Васька был большой бугор (начальник).

А я маленький.

Васька пас коз, я пас козлят. С мая по сентябрь, конечно. В каникулы.

В рабочей обстановке мы не могли встречаться, хотя производственная необходимость в том и была. Сбежись наши стада, это чревато… Вернутся козы домой без молока.

У Васькиных коз и у моих козлят были прямые родственные связи. Как говорил Васька, это была кругом сплетённая родня.

Однако в обед, когда наши табунки порознь дремали в прохладе придорожных ёлок, мы с Васькой сходились на бугре. Третьим из начальства был Пинок, важный Васькин пёс с добрым лицом. Всегда держался он справа от Васьки. Был его правой рукой.

Козы были по одну сторону бугра, козлята по другую. Они не видели друг друга. Зато мы с Васькой видели и тех и других. У хорошего пастуха четыре глаза! И если уж они паче чаяния кинутся на сближение, им другого пути нет, как только через наши трупы.

Ну разве мы допустим их воссоединения?

И вот однажды в один из таких обеденных перерывов – было это в воскресенье тринадцатого июля 1952 года – мы сошлись. Запив полбуханки глиноподобного кукурузного хлеба литром кипячёного молока из зеленой бутыли, посоловелый Васька – а было так парко, что, казалось, плавились мозги, – разморенно вставил себе на десерт в угол губ папироску. С небрежным великодушием подал и мне.

Я в страхе попятился. Спрятал руки за спину.

– Ты чего? – удивился Васька. – Кто от царского угощенья отпрыгивает по воскресеньям?

– Я не к-кур-рю… – промямлил я оправдательно.

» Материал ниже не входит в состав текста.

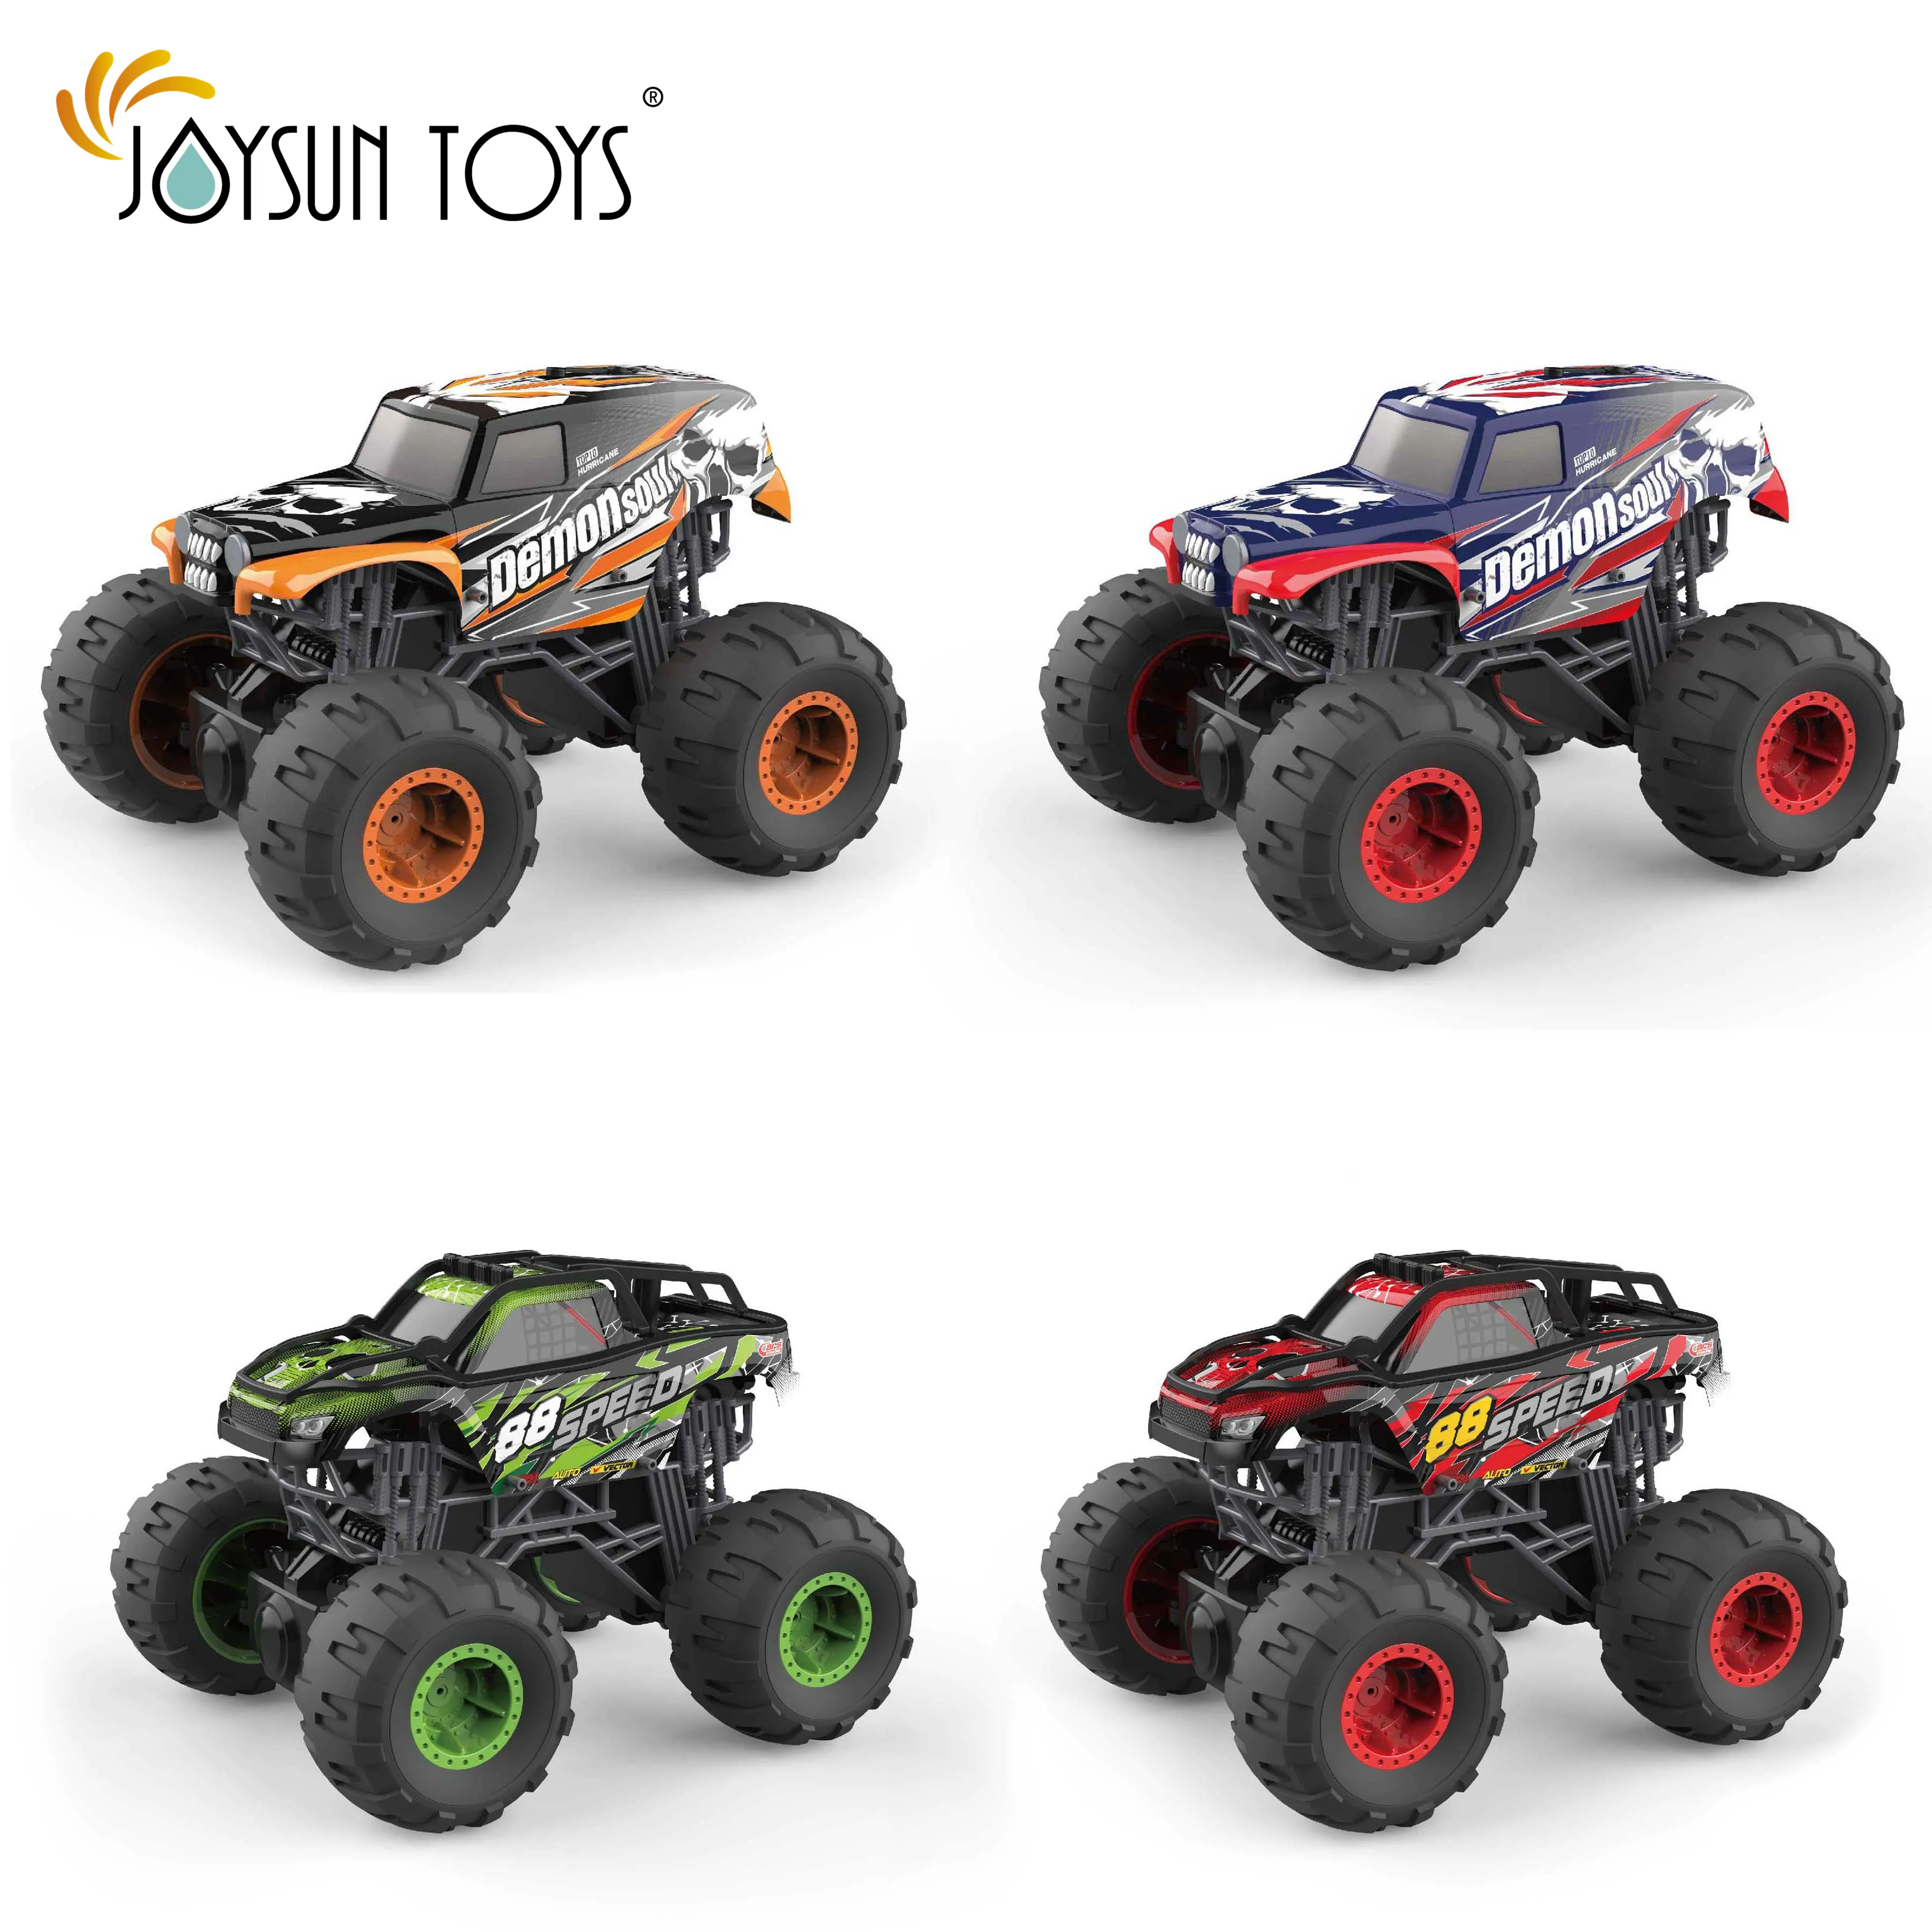 JOYSUN TOYS Remote Control Car Toy for Boys Girls, 2.4 GHz RC Drift Race Car, 1:16 Scale Fast Speedy Crawler Truck

– А-а! – присвистнул Васька. – Вон оно что! Мамкин сосунчик! Долго ж тебя с грудного довольства не спихивают. Сколько тебе?

– Тринадцать.

– Уже всейно тринадцать! – Васька в панике пошатал головой. – Какой ужас!.. Во! – Васька щёлкнул пальцем по газете, в которую был завернут оставшийся после обеда шмат чахоточно-желтого кукурузного хлеба кирпичиком. – Вон шестилетний индонезийский шкеток Алди Ризал в день выкуривает по сорок сигаретин! Учись! О мужик! А ты?.. Тоскливый ты кисляй…

Васька лениво мазнул меня пальцем по губам.

Брезгливо осмотрел подушечку пальца. Вытер о штаны.

– Мда-а… Молочко ещё не обсохло. Мажется, – трагически констатировал он. – Несчастный сосунчик!